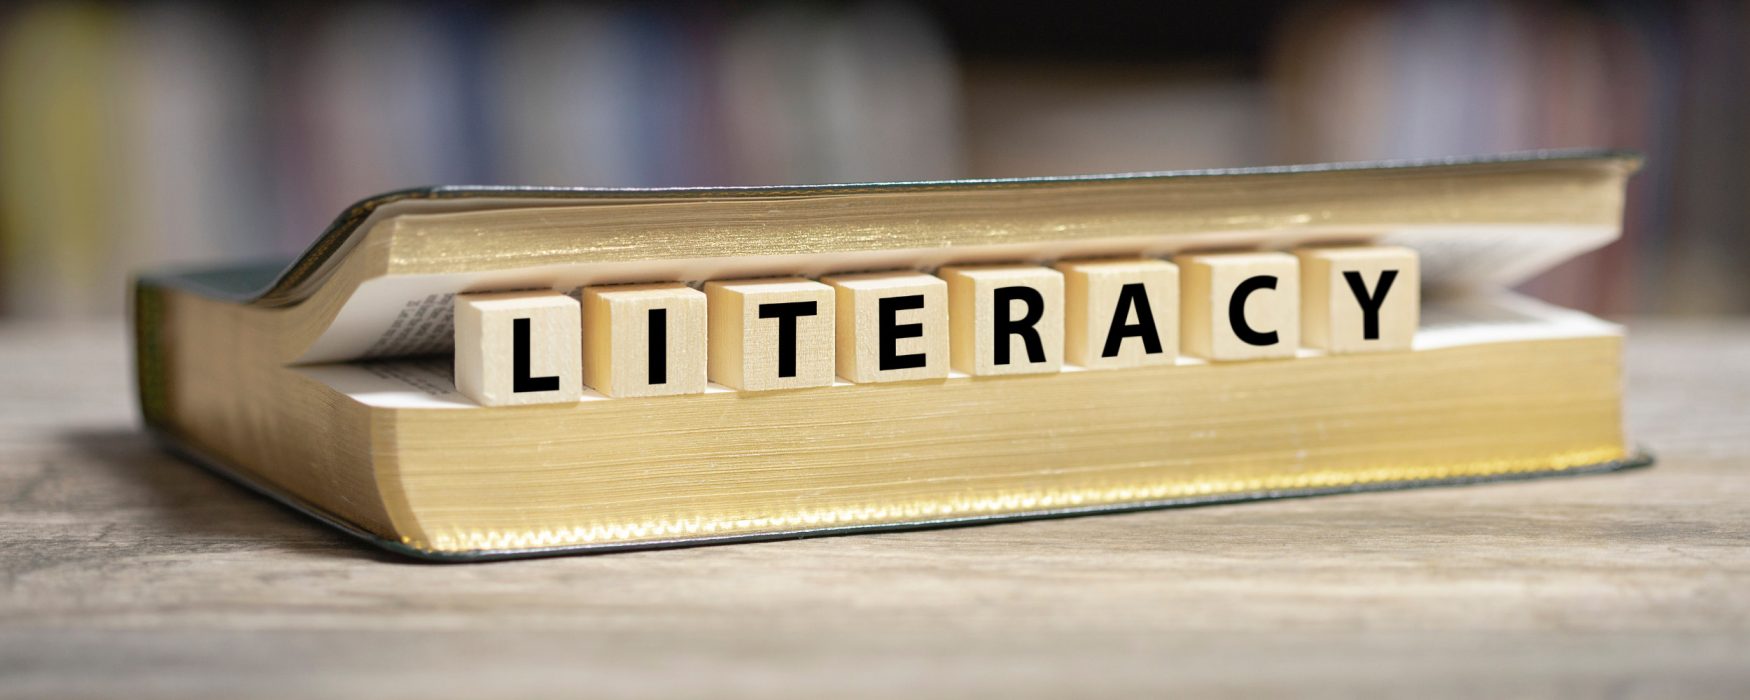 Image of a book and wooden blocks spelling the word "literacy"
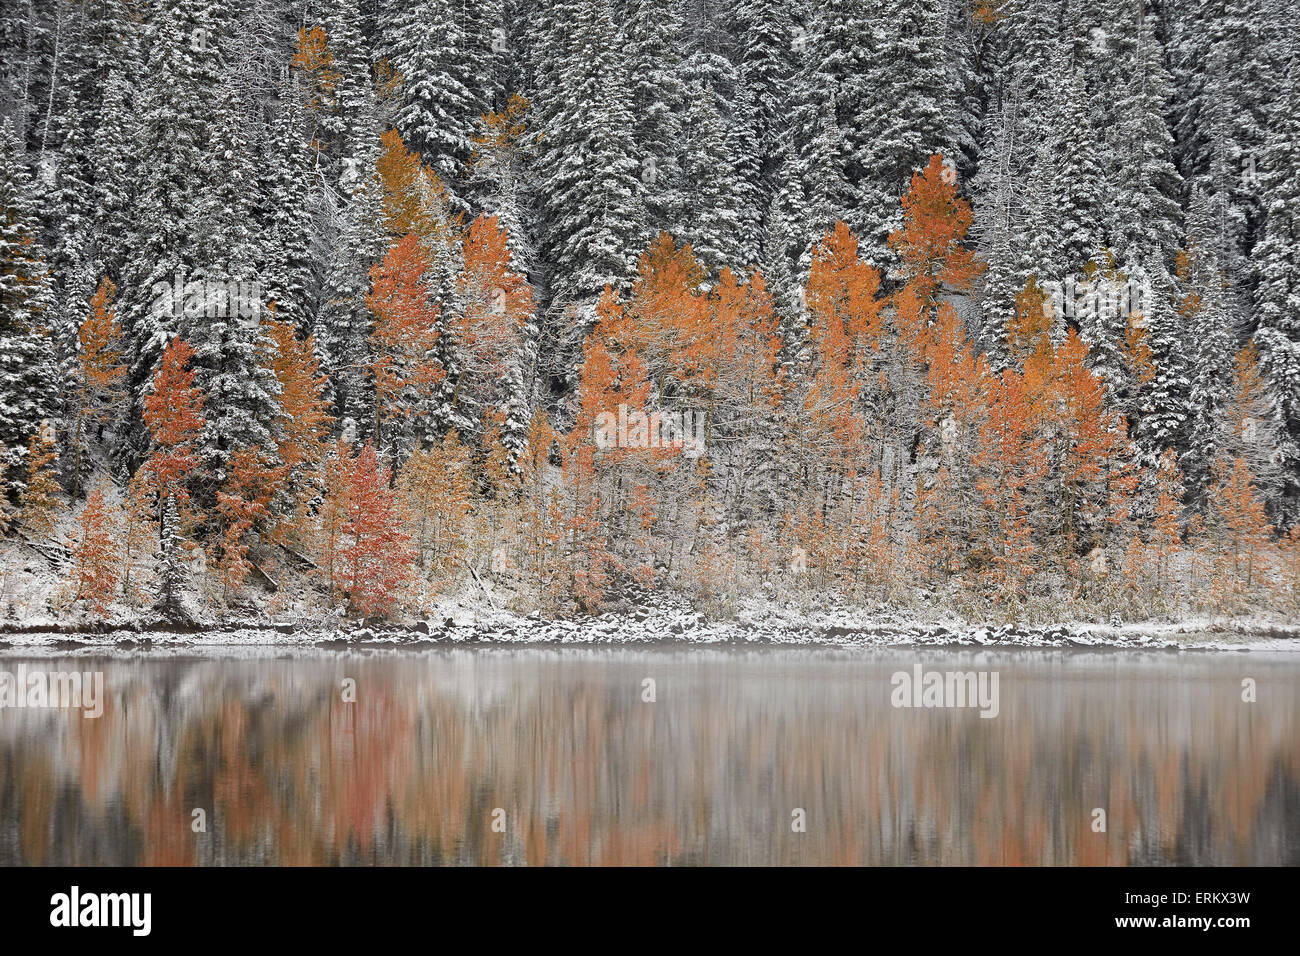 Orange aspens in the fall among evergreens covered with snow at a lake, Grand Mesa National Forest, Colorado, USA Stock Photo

==

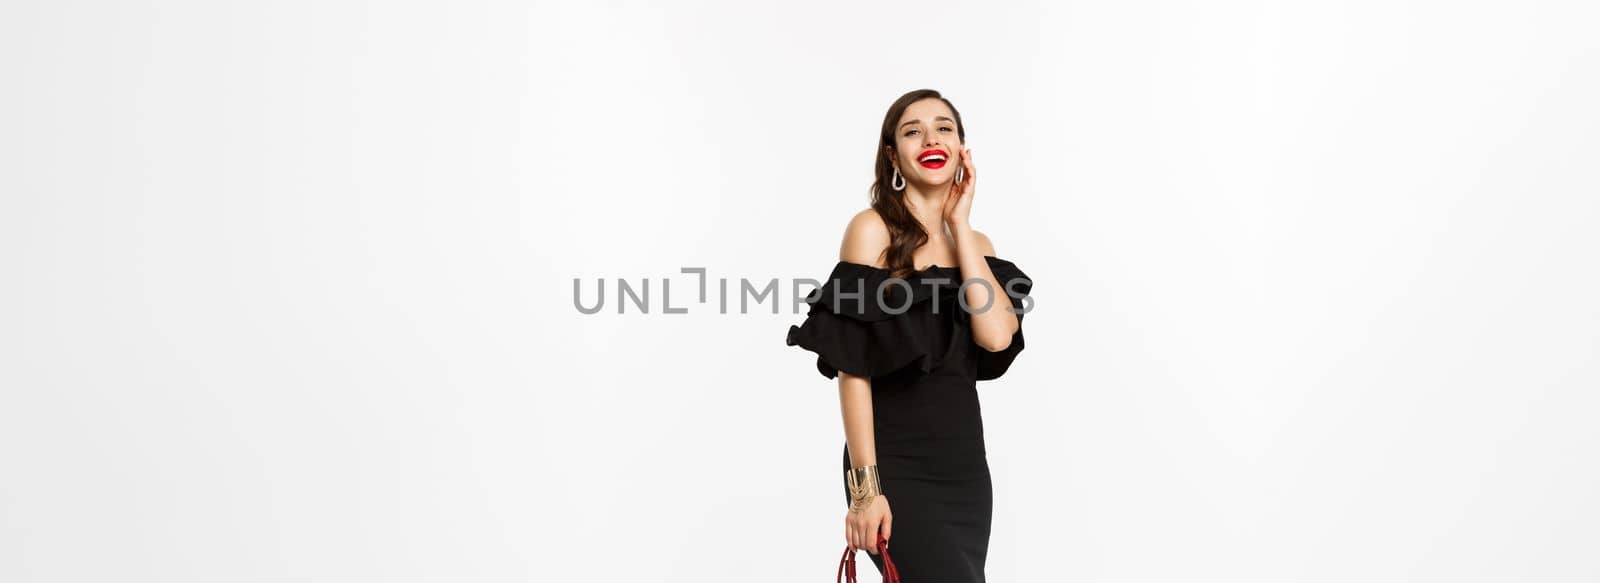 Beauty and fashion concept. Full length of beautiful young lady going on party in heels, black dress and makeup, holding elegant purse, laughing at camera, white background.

* * *

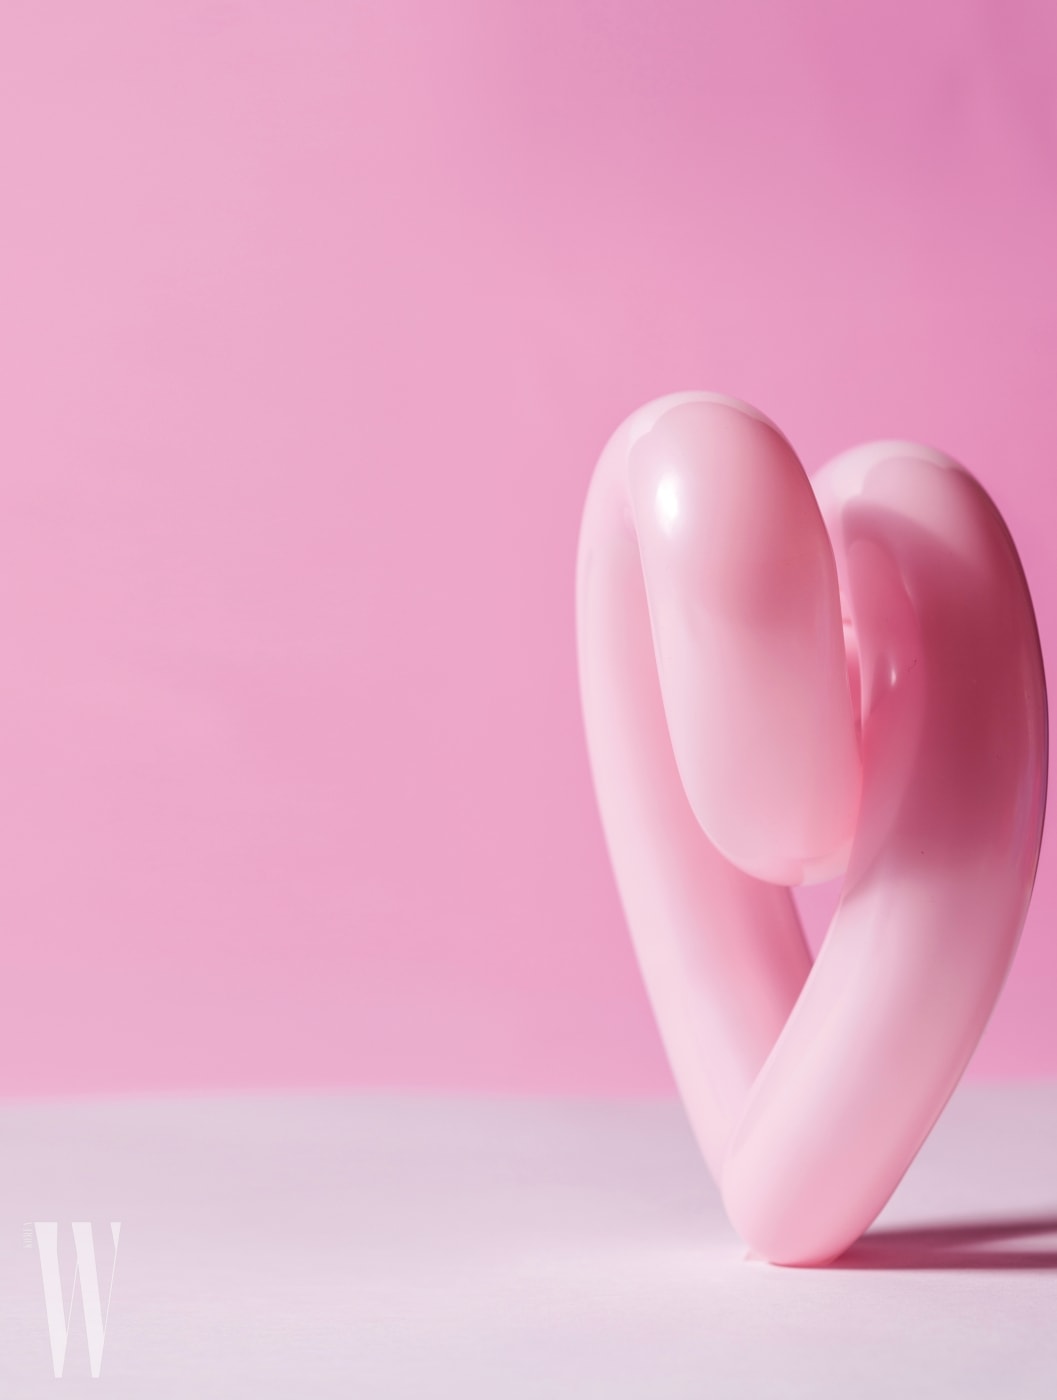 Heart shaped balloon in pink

- Exercise: Reproduce exactly the lines above that run from the one with "Image of a book" to the one with "Orange aspens in", both included, leaving pictures out.

- Reply to the task:
 Image of a book and wooden blocks spelling the word "literacy"
 Orange aspens in the fall among evergreens covered with snow at a lake, Grand Mesa National Forest, Colorado, USA Stock Photo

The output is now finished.